Reputation: 1467
I have two sparse
matrices that I want to compare element-wise:
from scipy import sparse as sp
t1 = sp.random(10, 10, 0.5)
t2 = sp.random(10, 10, 0.5)
In particular I would like to make a scatterplot for those elements present (i.e. non-zero) in both matrices, but so far the only way I could think of is to convert them to the dense format:
import matplotlib.pyplot as plt
plt.plot(t1.todense().flatten(),
t2.todense().flatten(),
'ko',
alpha=0.1)
Which works terribly when the matrices are very large. Is there a more efficient way to do this?
Upvotes: 0
Views: 48
Reputation: 231625
In [256]: t1
Out[256]:
<10x10 sparse matrix of type '<class 'numpy.float64'>'
with 50 stored elements in COOrdinate format>
In [257]: t2
Out[257]:
<10x10 sparse matrix of type '<class 'numpy.float64'>'
with 50 stored elements in COOrdinate format>
When plotting t1.todense().flatten()
you plot data points for all elements of t1
, whether zero or not. In this case 100 points.

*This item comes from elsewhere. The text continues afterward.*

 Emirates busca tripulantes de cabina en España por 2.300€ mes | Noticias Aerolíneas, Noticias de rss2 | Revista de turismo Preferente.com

One way to 'weed' out the zero elements is:
In [258]: t3 = t1.multiply(t2)
In [259]: t3
Out[259]:
<10x10 sparse matrix of type '<class 'numpy.float64'>'
with 28 stored elements in Compressed Sparse Row format>
In [260]: t11 = t3.astype(bool).multiply(t1)

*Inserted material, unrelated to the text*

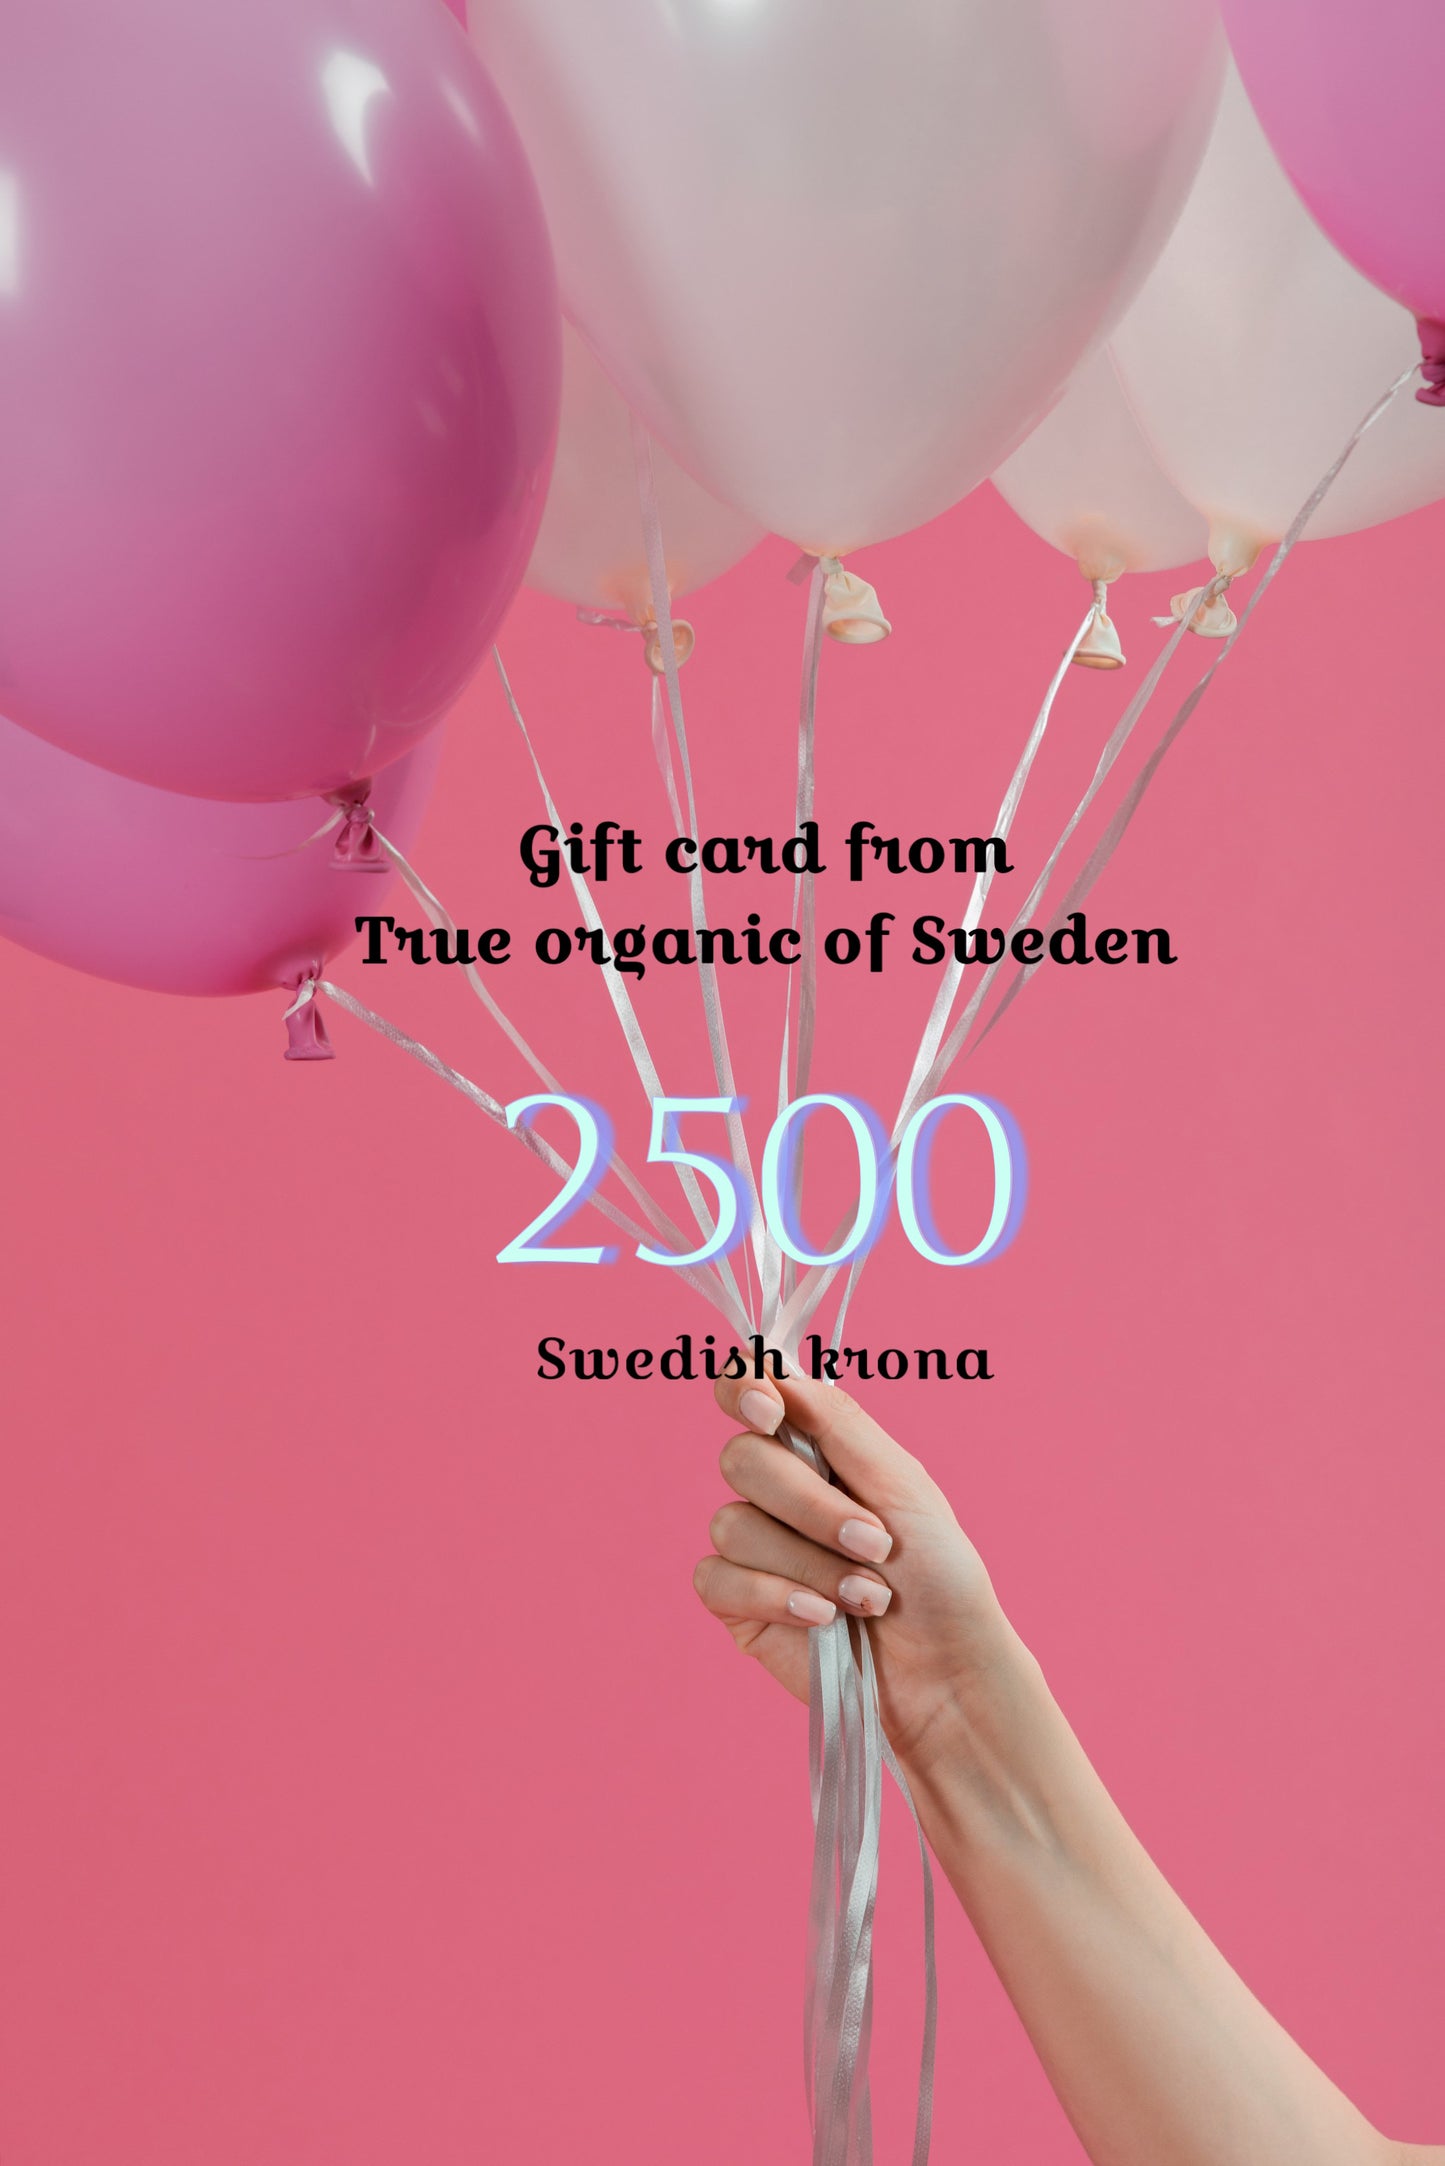 Gift card from True organic of Sweden 2500 krona

In [261]: t21 = t3.astype(bool).multiply(t2)
In [262]: t11
Out[262]:
<10x10 sparse matrix of type '<class 'numpy.float64'>'
with 28 stored elements in Compressed Sparse Row format>
t3
has nonzero values where both t1
and t2
are nonzero. t11
has the corresponding elements of t1
(t3
floats become boolean True and implicitly 1 in the multiply.) Sparse multiply
is relatively efficient (may be not as much as the corresponding dense multiply or even the sparse matrix multiply).
We could plot t11.todense.ravel()
etc. That would be the same, except for a concentration of values as (0.0, 0.0). But the data
attribute has the nonzero values, and the sparsity of t11
and t21
is the same, so we can just plot those - only 28 values in this case:
plt.plot(t11.data,
t21.data,
'ko',
alpha=0.1);
There may be other ways of getting t11
and t21
matrices, but the basic idea still applies - get two matrices with the same sparsity, and plot just their data
values.
Upvotes: 1